Classification Table
# Converting from probability to actual output
api$fitted_api <- ifelse(mylogit$fitted.values >= 0.5, "1", "0") #1 = Above Average, 0 = Below
# Generating the classification table
ctab <- table(api$api_factor, api$fitted_api)
ctab
##
## 0 1
## Below Target 304 19
## At or Above Target 15 62
#I (Karen) like this table better because it include row and column totals
sjPlot::tab_xtab(var.row = api$api_factor, var.col = api$fitted_api, title = "Observed Progress versus Predited progress counts", show.row.prc = TRUE, show.summary = F )

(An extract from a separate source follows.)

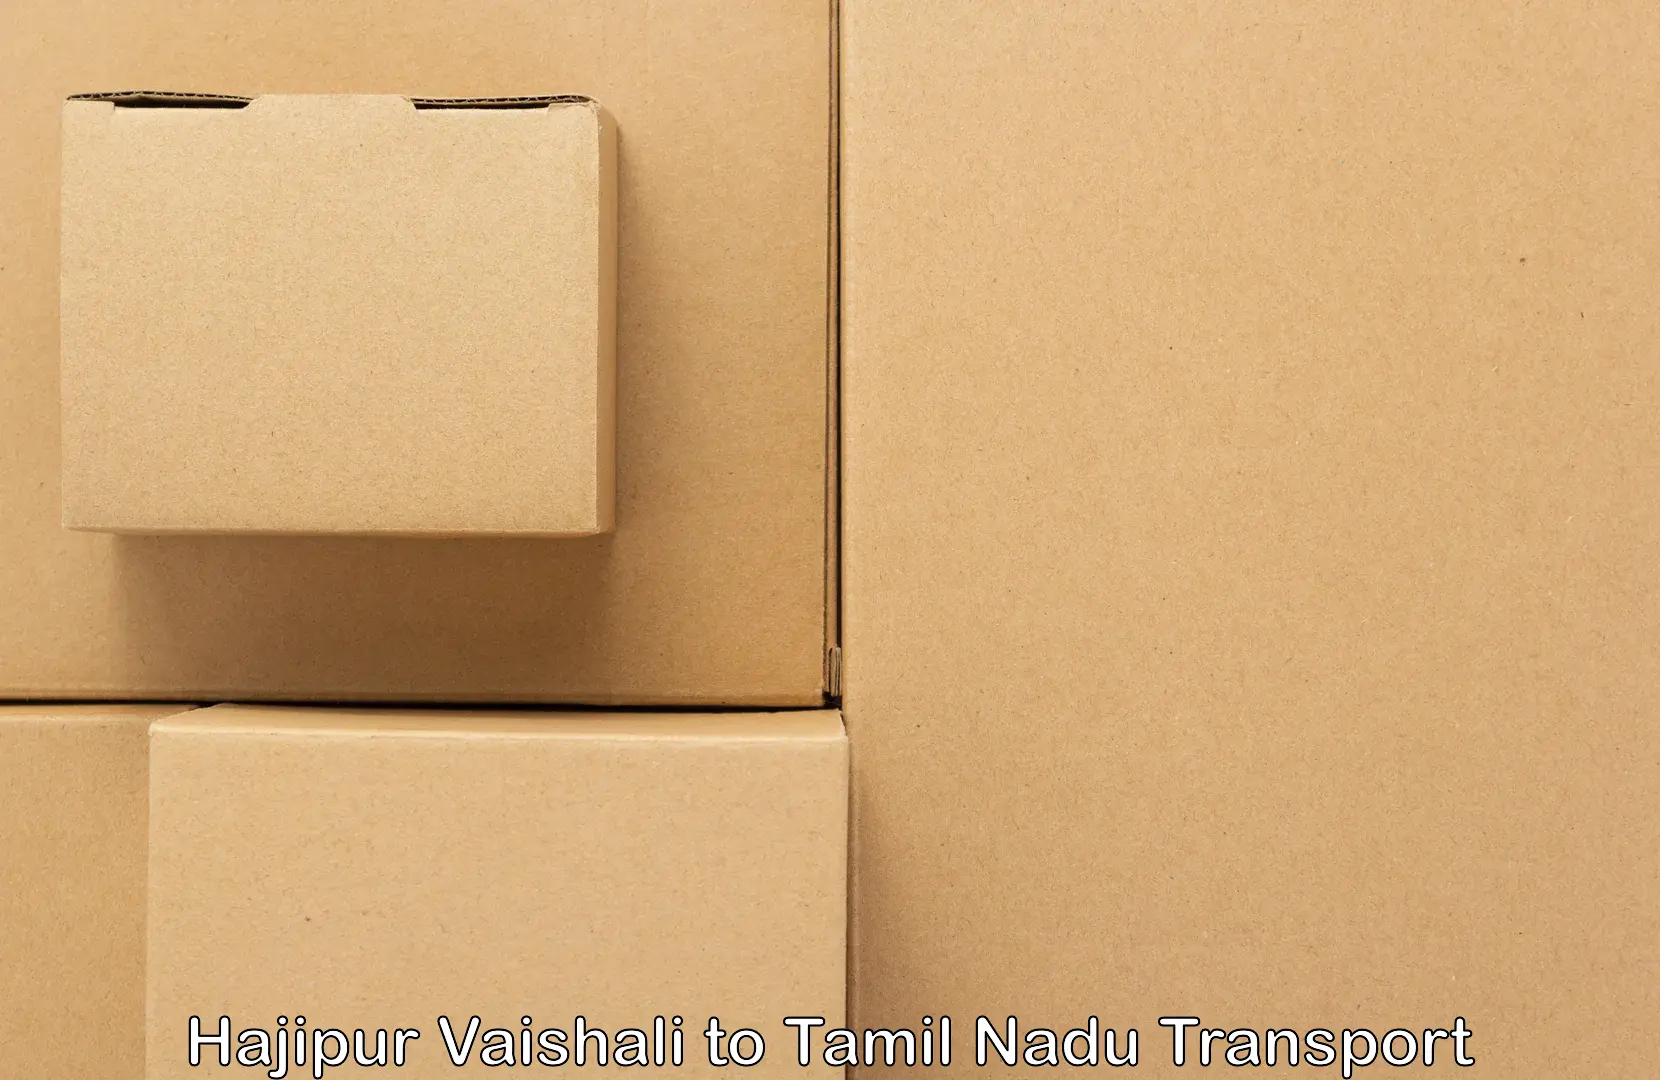 Daily parcel service transport in Hajipur Vaishali to Neyveli

api_factor | fitted_api | Total | |
---|---|---|---|
0 | 1 | ||
Below Target |
304 94.1 % |
19 5.9 % |
323 100 % |
At or Above Target |
15 19.5 % |
62 80.5 % |
77 100 % |
Total |
319 79.8 % |
81 20.2 % |
400 100 % |
Accuracy
accuracy <- sum(diag(ctab))/sum(ctab)*100
accuracy
## [1] 91.5
Sample write up
Using a binary logistic regression, we explored how school’s characteristics (% fully credential teachers, studnet enrollment, and % on free and reduced lunch) relate to the adequate progress of a school. Both the percent of credentialed teachers (z = 2.06, p = .04) and the % free and reduced lunch (z = -.11, p < .01) were significant predictors. Specifically the percent of fully credentialed teachers has an OR = 1.05, 95%CI[1.01, 1.12]. This implies that for a one percent increase in the fully credentialed teachers, schools have a 5% higher chance of making target. Free and reduced lunch had estimated OR =.90, 95% CI [.86, .92], which indicated that for each additional percent of students on free and reduced lunch, there is a significant decrease in the log odds of being at target (z = -7.60, p < .01). That is, for each additional percent increase of free or reduced lunch, that school has a 11% decrease in the odds of making it to target growth, controlling for the other predictors. There was no effect of the enrollment of the school, when controlling for the other variables. Overall, this model had high prediction accuracy, predicting 91% schools accurately.